→ **Material provided**
⟨
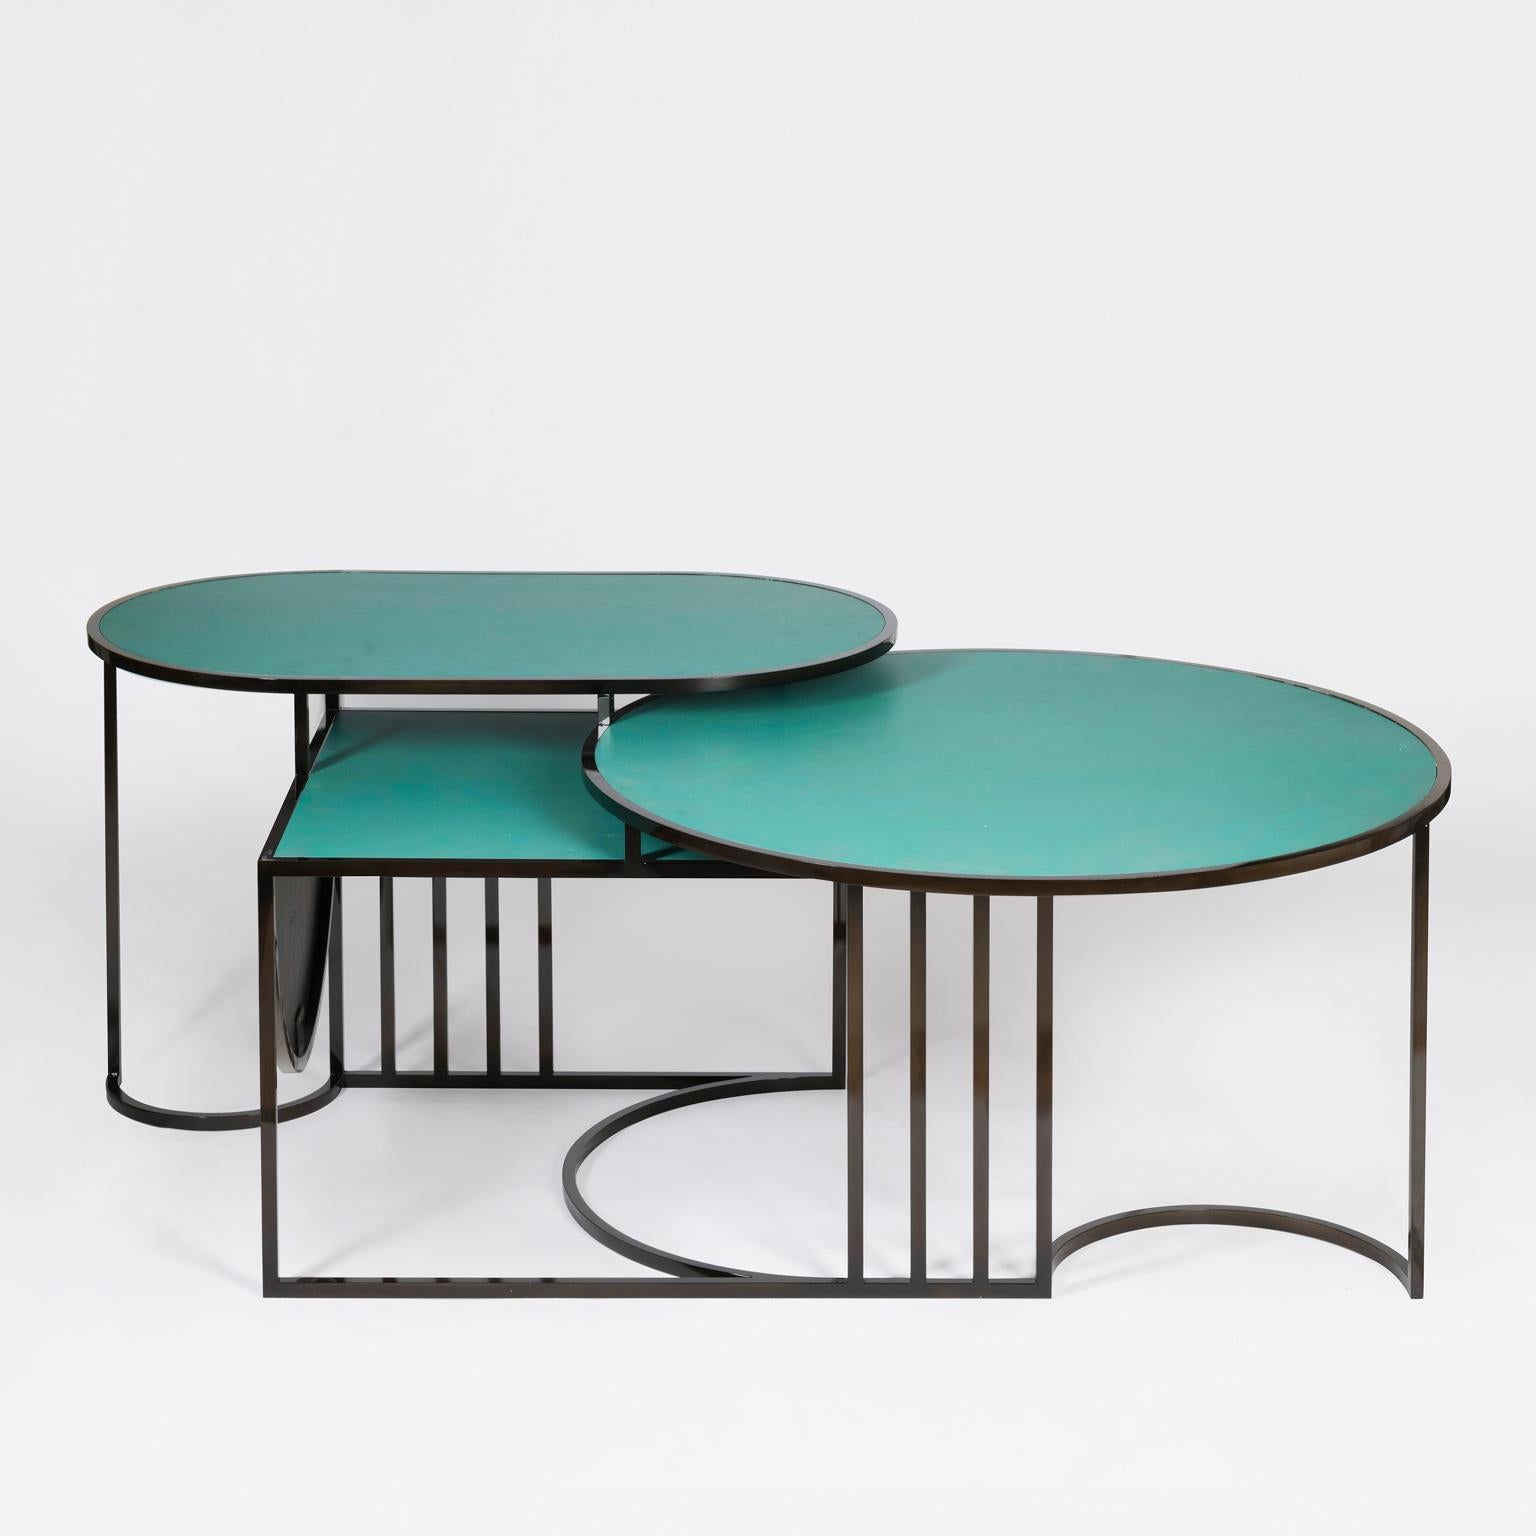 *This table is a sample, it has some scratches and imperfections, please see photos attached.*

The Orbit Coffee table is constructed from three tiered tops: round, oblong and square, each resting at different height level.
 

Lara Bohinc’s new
⟩
→ **Exercise objective**
When you retype the material above, copy each line exactly and drop whatever images appear in it.

→ **Reply to the exercise**
 *This table is a sample, it has some scratches and imperfections, please see photos attached.*

The Orbit Coffee table is constructed from three tiered tops: round, oblong and square, each resting at different height level.
 

Lara Bohinc’s new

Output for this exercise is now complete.